* **WORK INSTRUCTIONS**
Repeat the data exactly, leaving out any image.

(Beginning of DATA SHOWN)

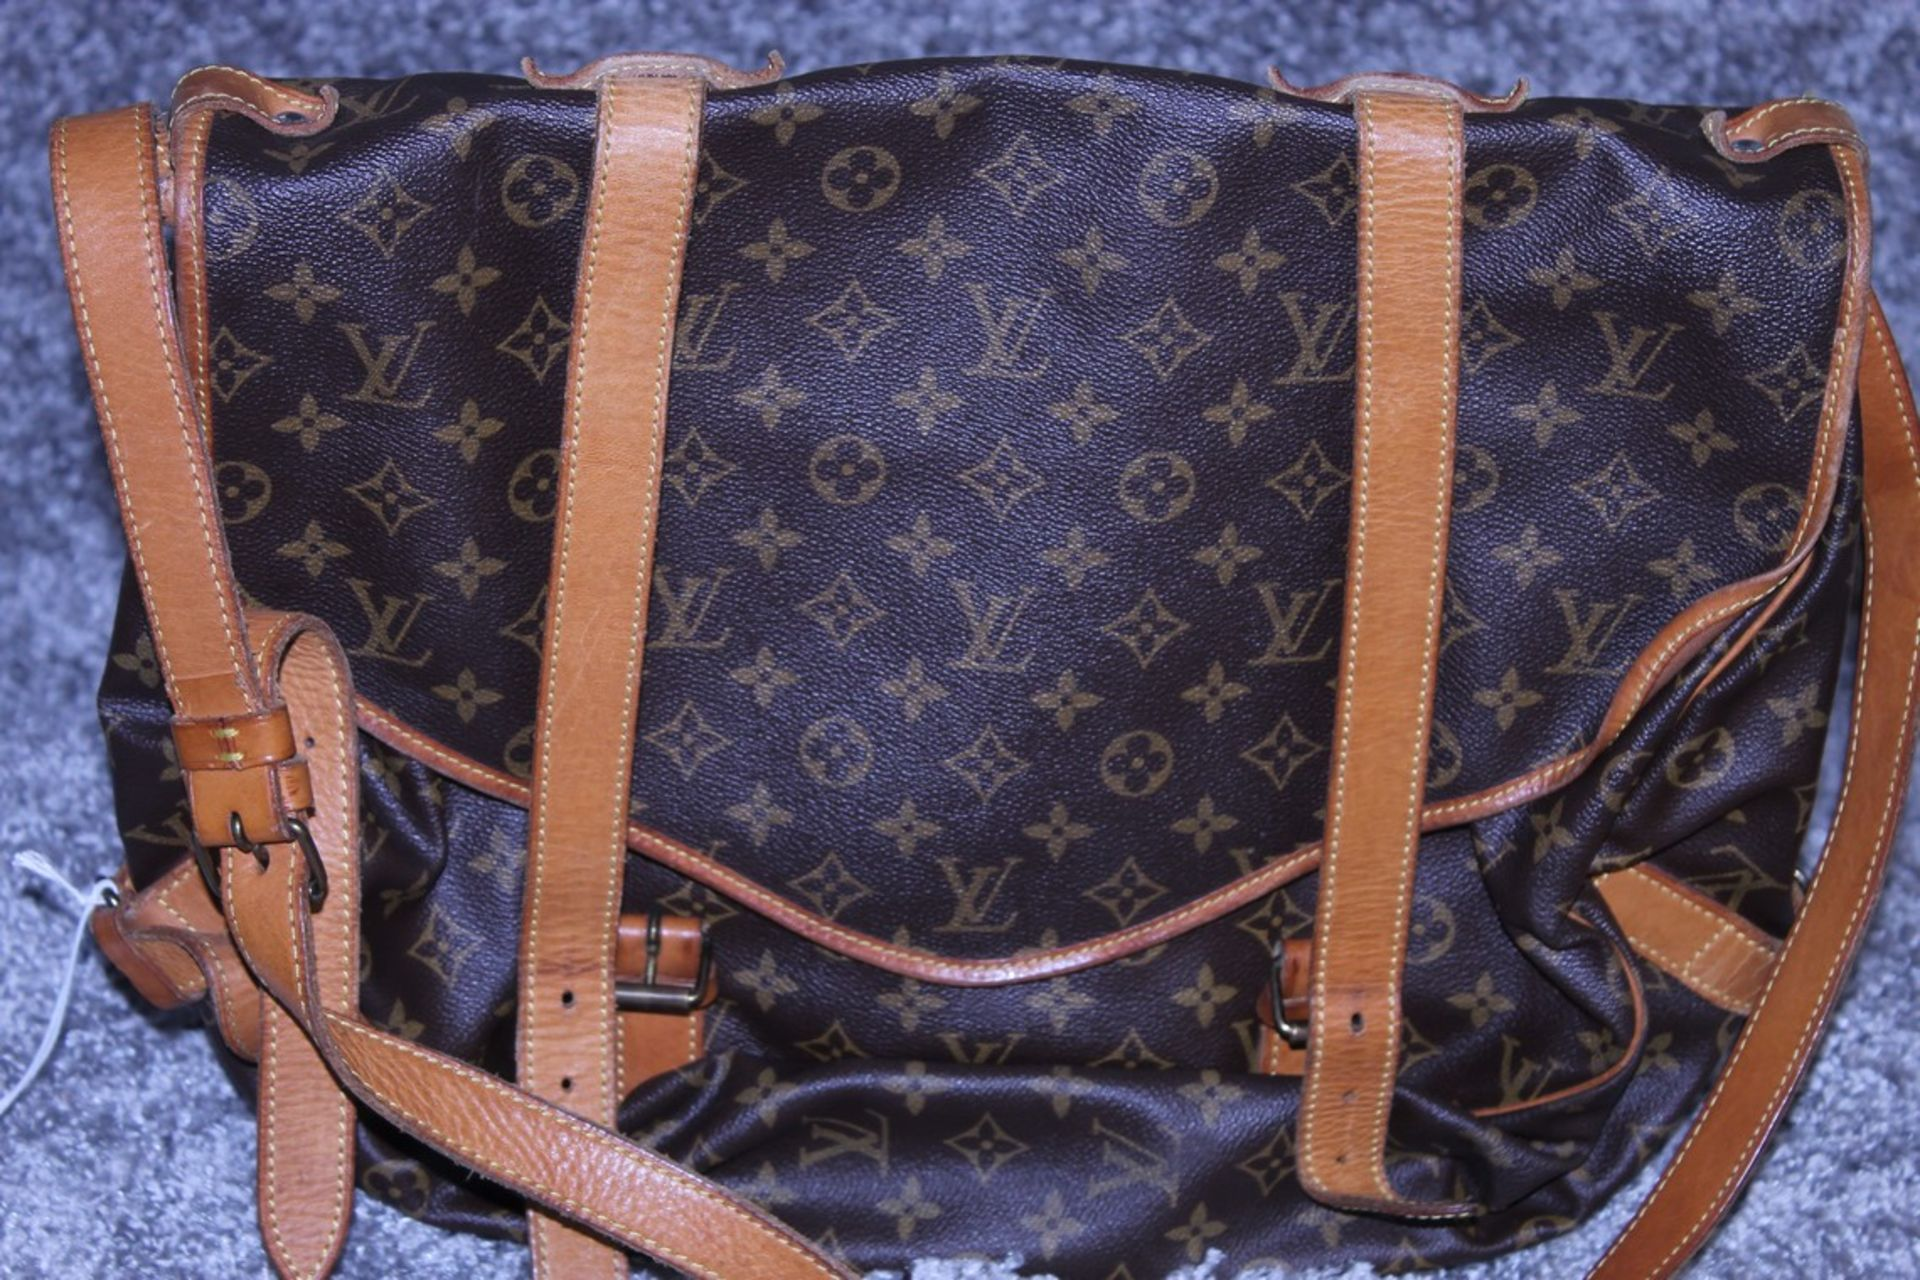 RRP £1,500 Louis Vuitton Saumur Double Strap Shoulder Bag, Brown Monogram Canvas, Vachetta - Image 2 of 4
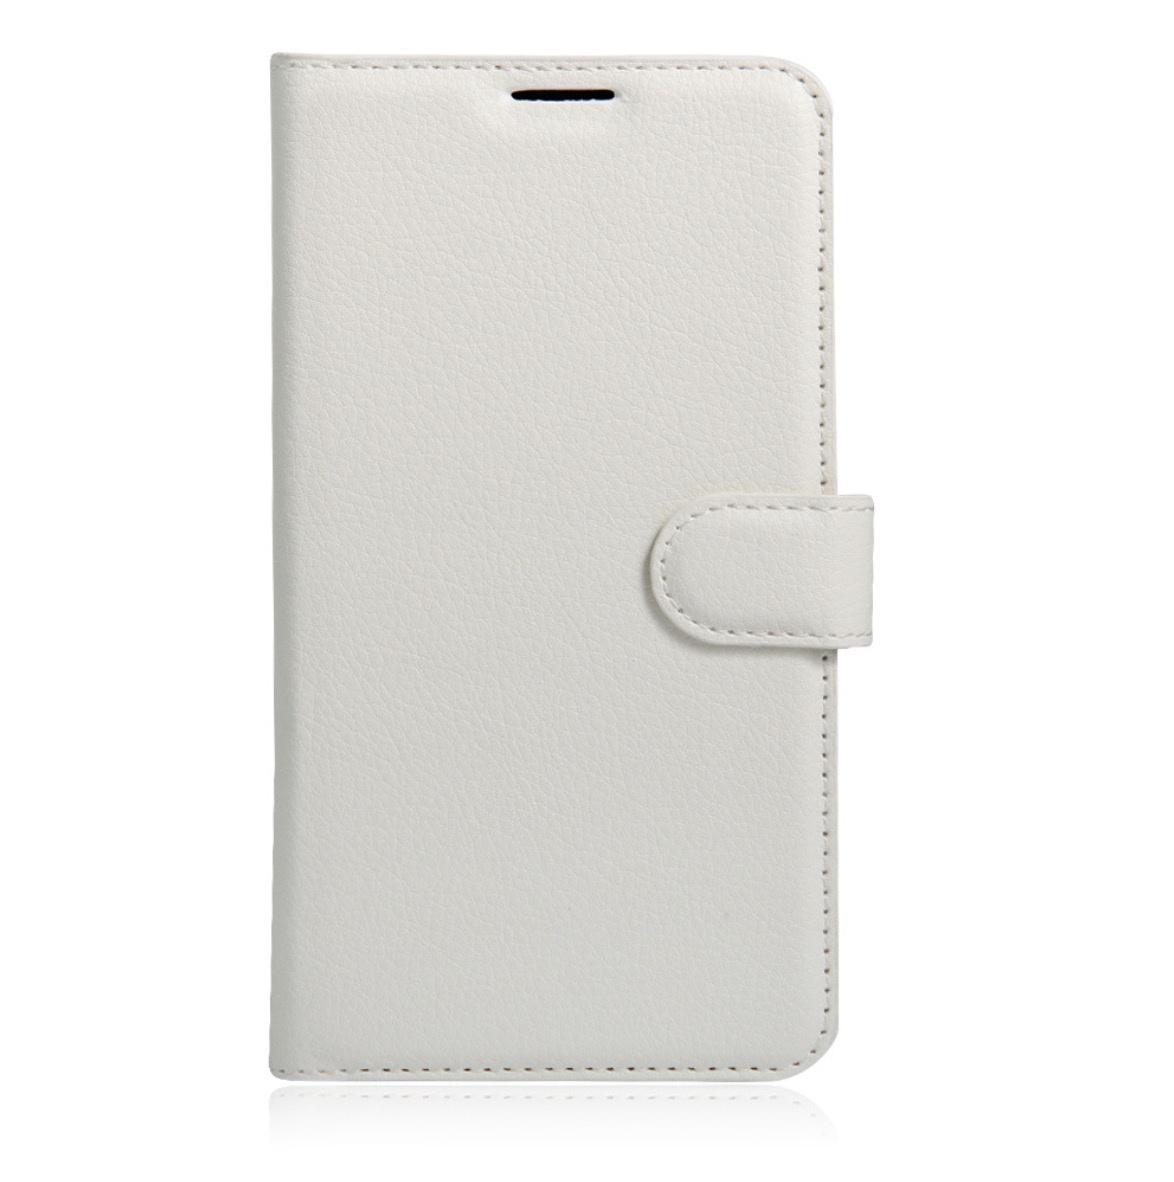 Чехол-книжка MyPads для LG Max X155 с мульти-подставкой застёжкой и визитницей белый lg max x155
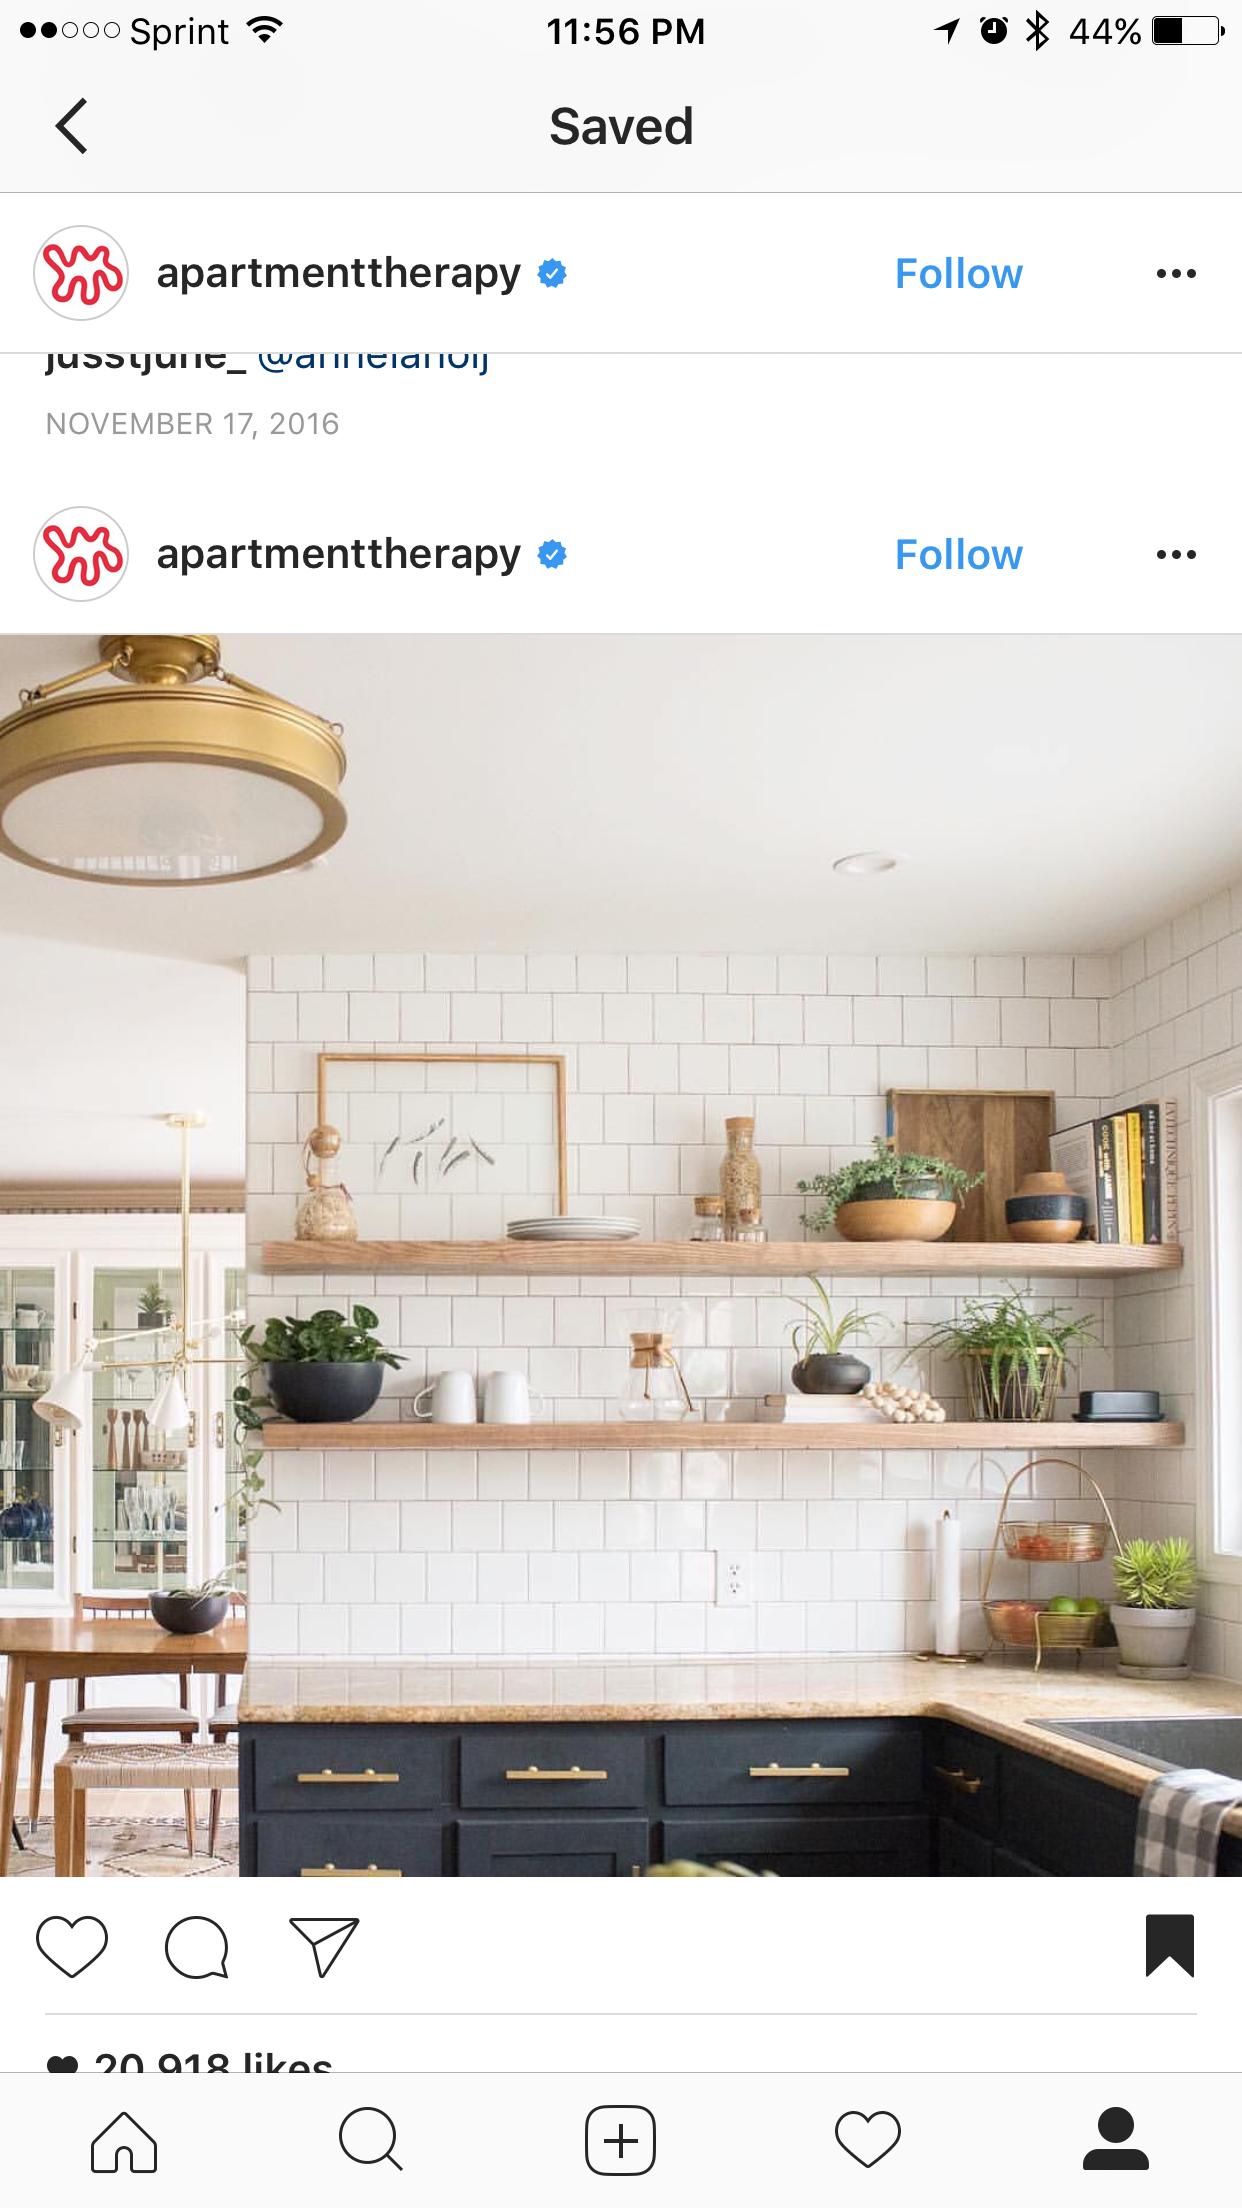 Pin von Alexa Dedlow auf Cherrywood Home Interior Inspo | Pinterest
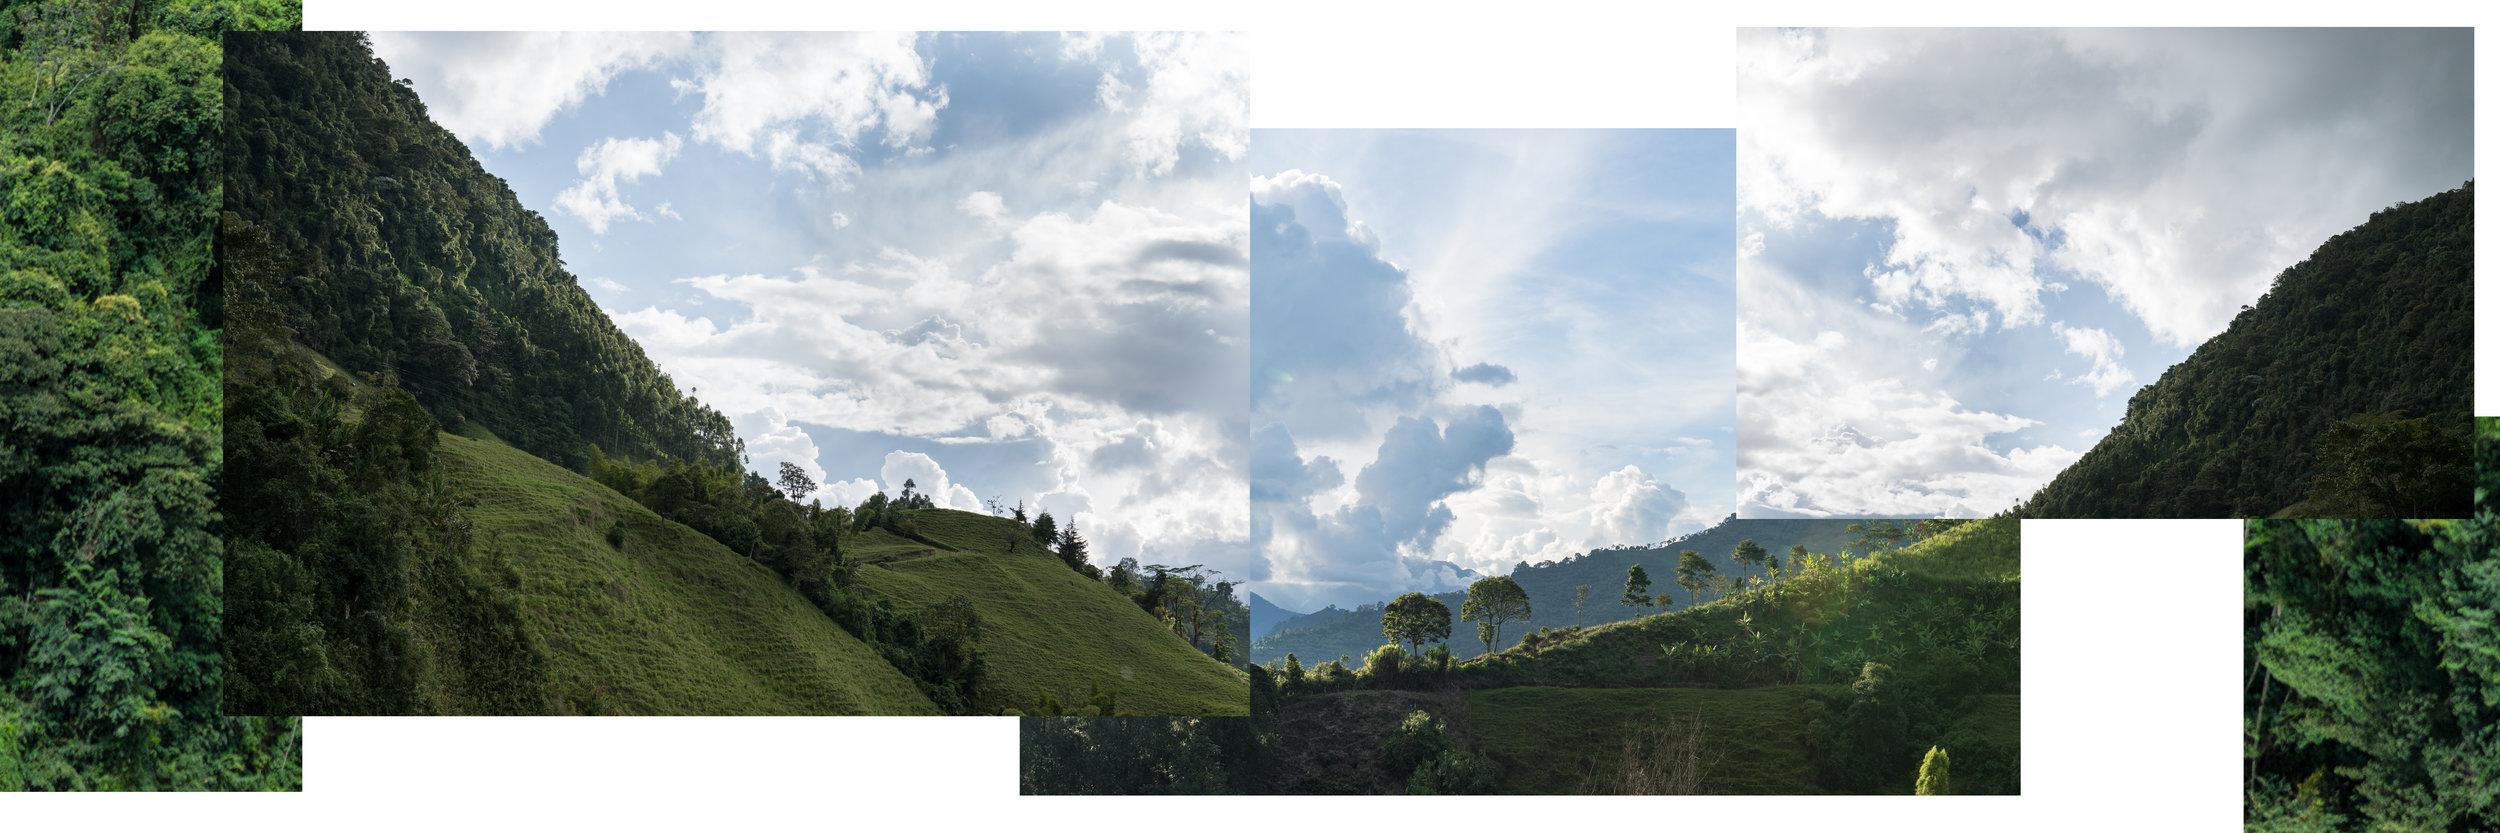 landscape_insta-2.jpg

(End of DATA SHOWN)

* **ANSWER FOR THIS EXERCISE**
 RRP £1,500 Louis Vuitton Saumur Double Strap Shoulder Bag, Brown Monogram Canvas, Vachetta - Image 2 of 4
 Чехол-книжка MyPads для LG Max X155 с мульти-подставкой застёжкой и визитницей белый lg max x155
 Pin von Alexa Dedlow auf Cherrywood Home Interior Inspo | Pinterest
 landscape_insta-2.jpg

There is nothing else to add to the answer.